Comment by ck2

2 months ago

The technical explanations to why this happens with strawberry, blueberry and similar

is a great way to teach people how LLM works (and not work)

https://techcrunch.com/2024/08/27/why-ai-cant-spell-strawber...

https://arbisoft.com/blogs/why-ll-ms-can-t-count-the-r-s-in-...

https://www.runpod.io/blog/llm-tokenization-limitations

17 comments

ck2

exasperaited 2 months ago

When Minsky and Papert showed that the perceptron couldn't learn XOR, it contributed to wiping the neural network off the map for decades.

It seems no amount of demonstrating fundamental flaws in this system that should have been solved by all the new improved "reasoning" works anymore. People are willing to call these "trick questions", as if they are disingenuous, when they are discovered in the wild through ordinary interactions.

Does my tiny human brain in, this.

vidarh 2 months ago
It doesn't work this time because there are plenty of models, including GPT5 Thinking that can handle this correctly, and so it is clear this isn't a systemic issue that can't be trained out of them.
- mdp2021 2 months ago
  
  > a systemic issue
  It will remain a suggestion of a systemic issue until it will be clear that architecturally all checks are implemented and mandated.
  
  6 replies →
Kim_Bruning 2 months ago

I had to look this up. This proof only applies to single layer perceptrons, right?
And once they had the multi-layer solution, that unblocked the road and lead to things like LLMs

minimaxir 2 months ago

In this case, tokenization is less effective of a counterargument. If it was one-shot, maybe, but the OP asked GPT-5 several times, with different formatting of blueberry (and therefore different tokens, including single-character tokens), and it still asserted there are 3 b’s.

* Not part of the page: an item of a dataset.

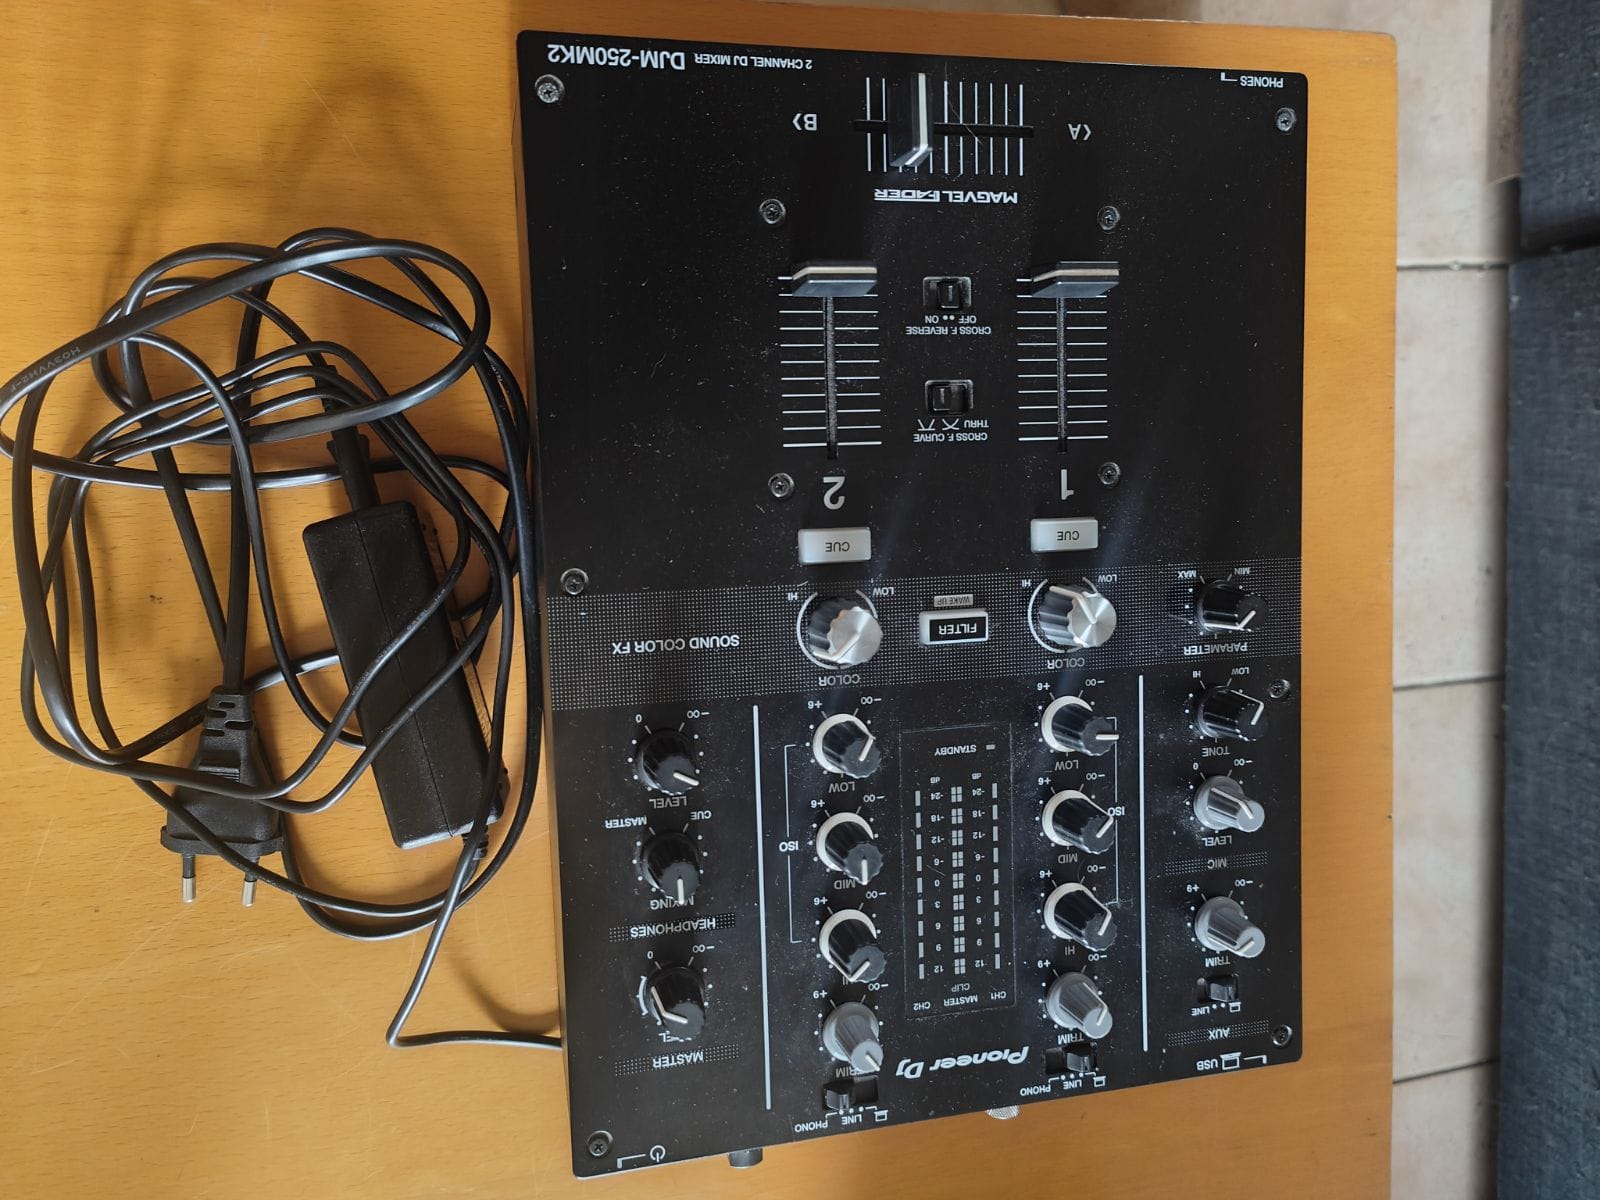 Pioneer DJ DJM-250MK2 - Table de mixage 2 voies

furyofantares 2 months ago

I don't think it's just tokenization. Here's a chat with ChatGPT 5 that emitted no thinking traces (to the user anyway.)

> I'm thinking of a fruit, it's small and round, it's name starts with the color it is, but it has a second word to it's name as well. Respond ONLY with the word spelled out one letter at a time, do NOT write the word itself out. Don't even THINK about the word or anything else. Just go straight to spelling.

B L U E B E R R Y

> How many B's in that word? Again, NO THINKING and just say the answer (just a number).

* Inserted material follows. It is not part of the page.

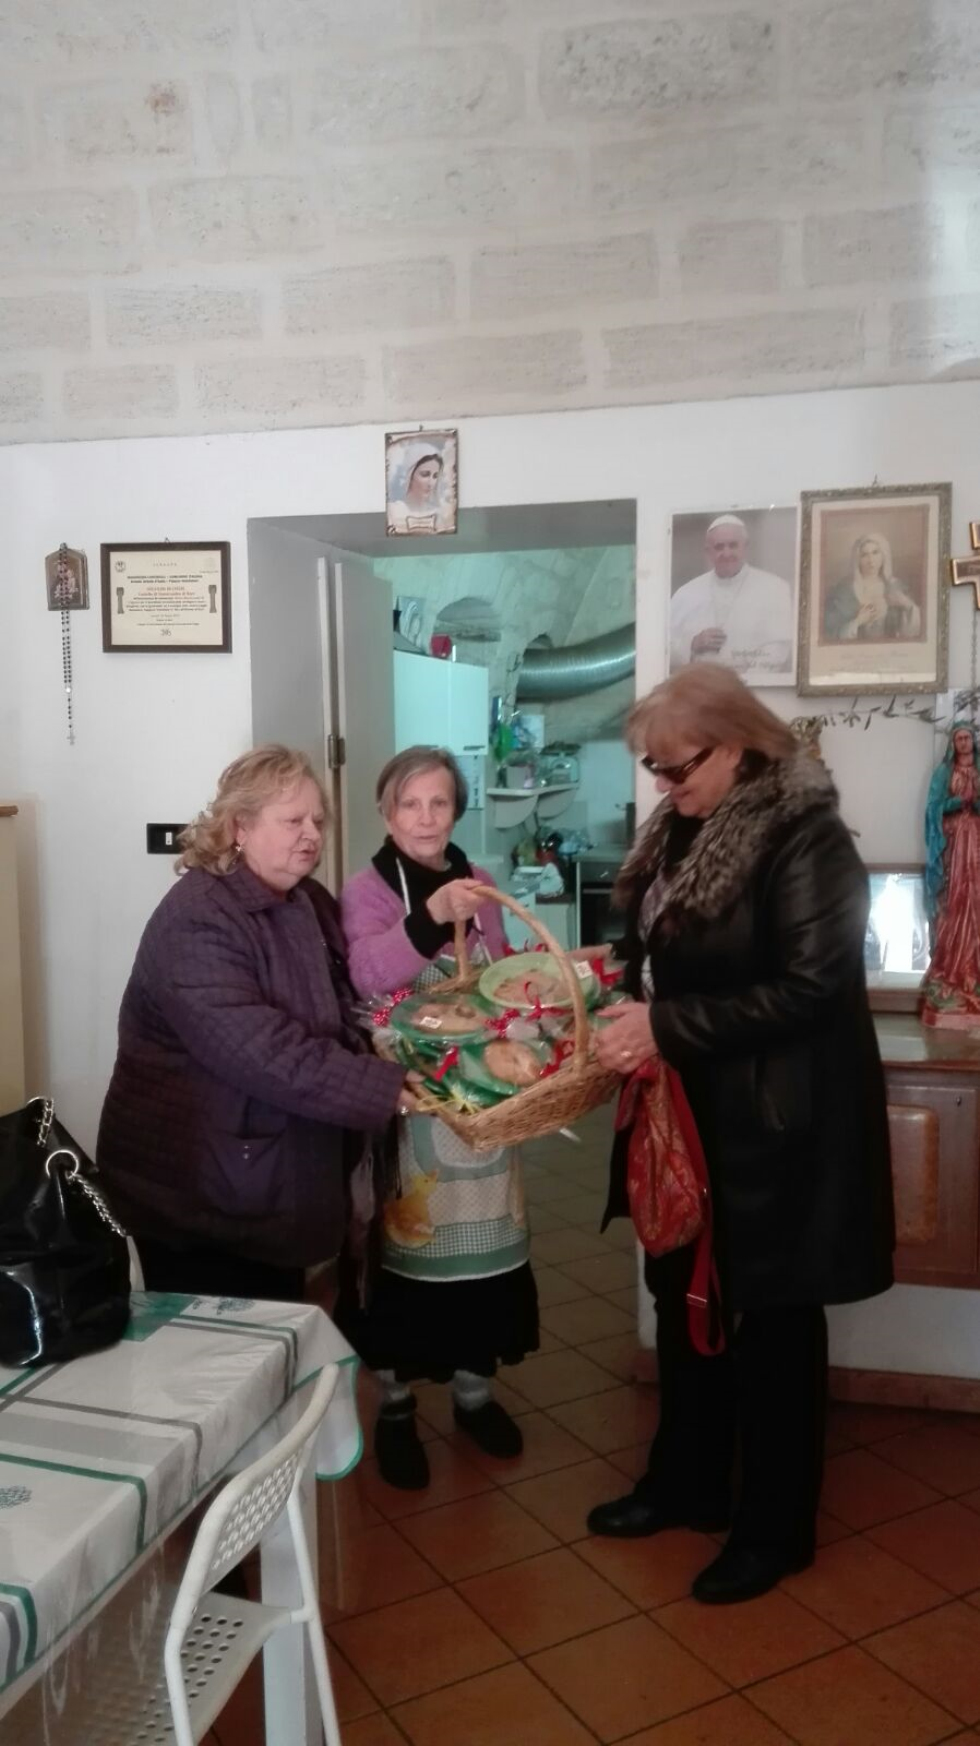 Le volontarie di Anteas Triggiano presentano le scarcelle, dolce pugliese della tradizione pasquale, da tramandare e condividere

However if I prompt instead with this, it gets it right.

> How many B's in the following word? NO THINKING. Just answer with a number and nothing else: B L U E B E R R Y

mdp2021 2 months ago
When performing those tests, I would iterate with a
for (seed=0 ; seed<100 ; seed++){ queryLLM( seed ); }
and check the result of each. I would not trust a single test.
- furyofantares 2 months ago
  
  Yeah, I've done this a lot.
ck2 2 months ago
What does the prompt "no thinking" imply to an LLM ?
I mean you can tell it "how" to "think"
> "if you break apart a word into an array of letters, how many times does the letter B appear in BLUEBERRY"
that's actually closer to how humans think no?
The problem lies in how LLM tasks a problem, it should not be applying a dictionary to blueberry and seeing blue-berry, splitting that into a two part problems to rejoin later
But that's how its meant to deal with HUGE tasks so when applied to tiny tasks, it breaks
And unless I am very mistaken, it's not even the breaking apart into tasks that's the real problem, it's the re-assembly of the results
- furyofantares 2 months ago
  
  It's just the only way I know to get GPT-5 to not emit any thinking traces into its context, or at least not any of the user-facing ones.
  With GPT-4.1 you don't have to include that part and get the same result, but that's only available via the API now AFAIK. I just want to see it spell the word without having the word in its context for it to work from.

jncfhnb 2 months ago

I don’t find the explanation about tokenization to be very compelling.

I don’t see any particular reason the LLM shouldn’t be able to extract the implications about spelling just because its tokens of “straw” and “berry”

Frankly I think that’s probably misleading. Ultimately the problem is that the LLM doesn’t do meta analysis of the text itself. That problem probably still exists in various forms even if its character level tokenization. Best case it manages to go down a reasoning chain of explicit string analysis.